САПФО, УБИРАЙСЯ ДОМОЙ. Граффити на стене моего дома. Я живу в пуле. То есть мой дом заключен в крепкий стальной корпус, который должен защитить его от таких же скваттеров, как я сама. Стальная дверь, стальные окна, стальными пластинами замкнуты раковина и унитаз. Стальной зажим на водопроводной магистрали и стальной ящик на распределительном щите.
Где нет уродства, там нет и страха, а этот город процветает на страхе. Город старый и залатанный. Город современный и наглый. Тихо ветшающий город воспитанных людей и город задир – не живой, но слишком активный.

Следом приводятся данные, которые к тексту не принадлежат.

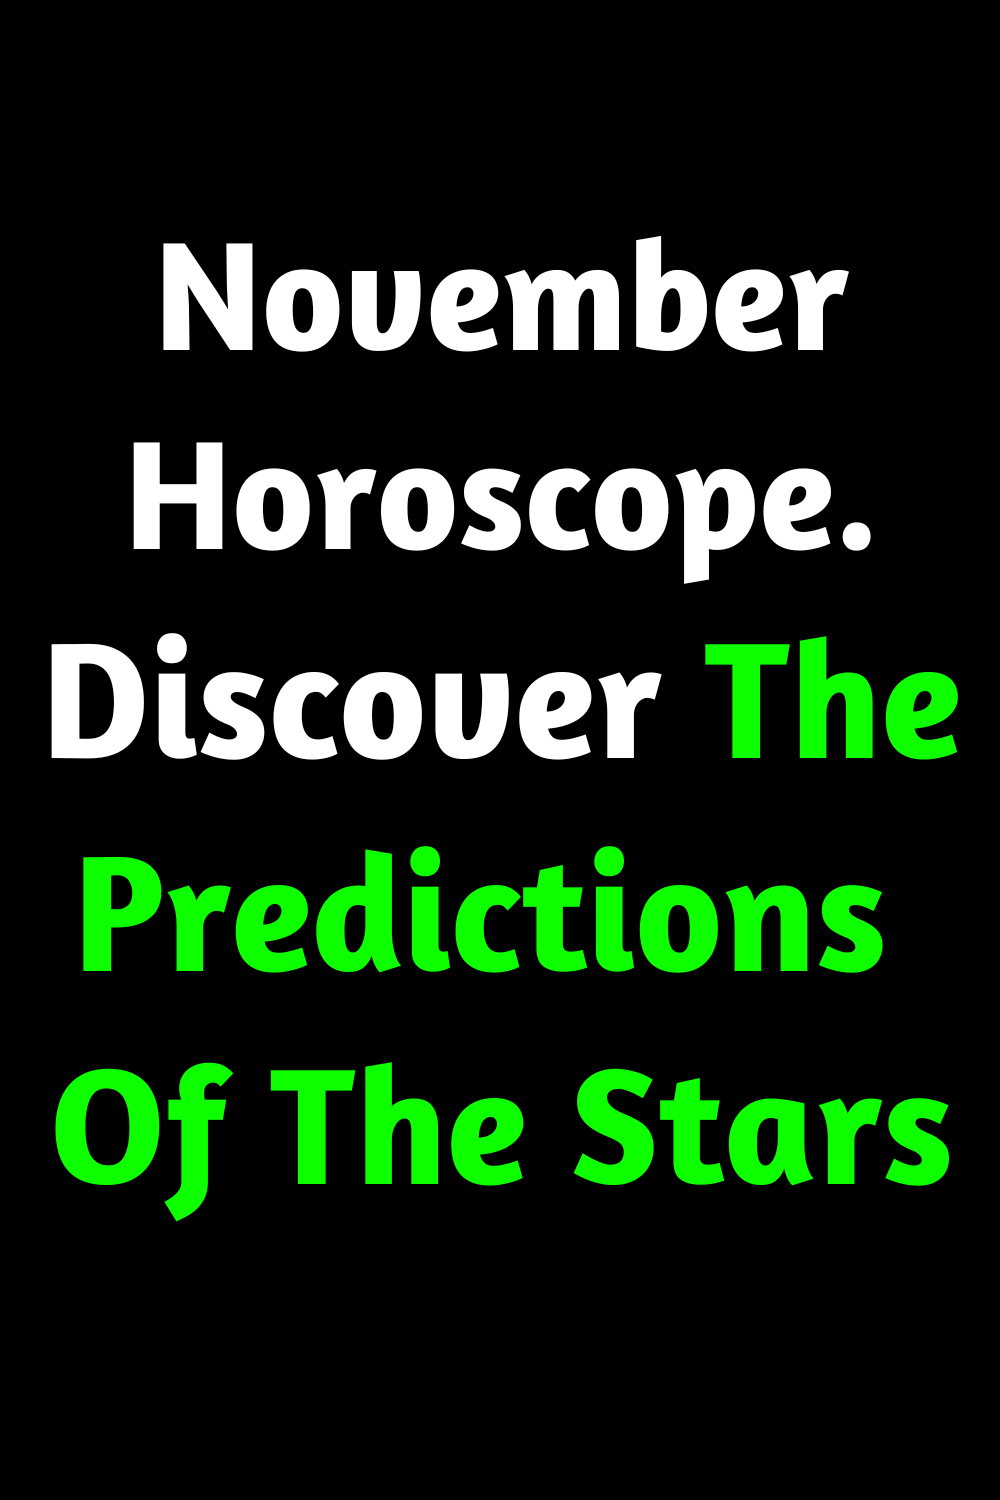 November Horoscope. Discover The Predictions Of The Stars For Your Sign

Есть и другой город, но мы не любим говорить о нем, поскольку официально его не существует. Люди исчезают каждый день. Вот в нем-то я и живу.
Невидимый город – мартышкин коллаж из несочетающихся материалов: железобетонные блоки и гофрированные крыши, георгианская кирпичная кладка, выкрашенная оранжевым, ибо подлежит сносу. Пешеходные мостки в пятнадцати метрах над землей, ловушки для ветра, тоннели смерти, крысиные ходы между монолитами из моноблоков. Там, где когда-то были узкие улицы и просторные площади, теперь пробиты любимые проходные реплики Народной Архитектуры.

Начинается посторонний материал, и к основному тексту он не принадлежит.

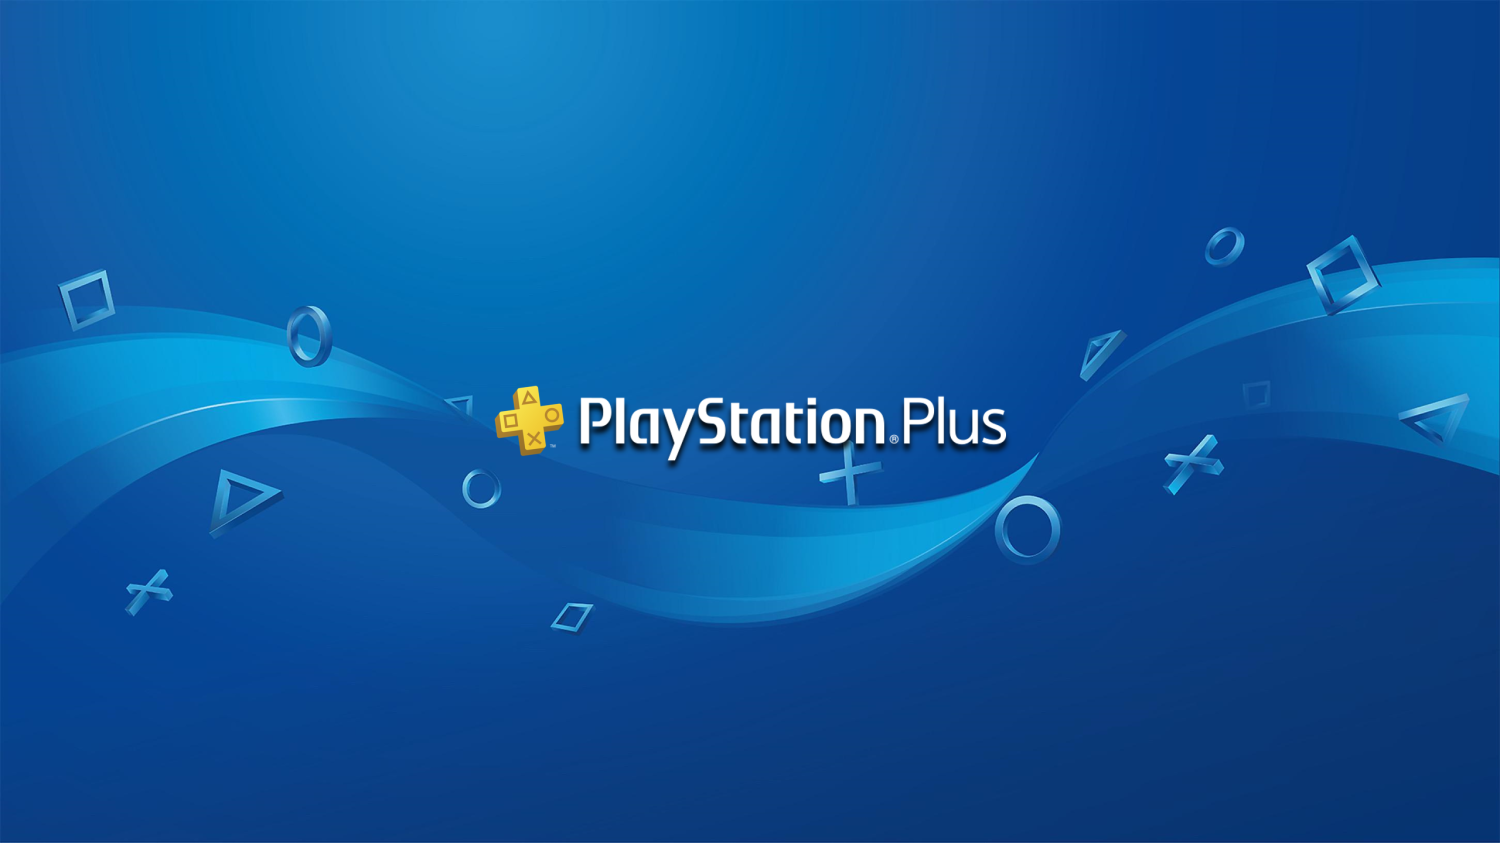 Don't buy Sony's yearly PS Plus Extra subscription, and here's why

Идефиксам сметливых лавочников из зеркального стекла пришлось уступить место дощатым щитам, грубо приколоченным под мертвыми неоновыми вывесками. Я покупаю товары (в которых нет ничего товарного) сквозь дыру в фанере у отрубленной руки. Рука берет деньги, выдает замороженное мясо, мертвые уходят и едят его, чтобы питать свои ледяные сердца.
Я бьюсь изо всех сил, стараясь согреться.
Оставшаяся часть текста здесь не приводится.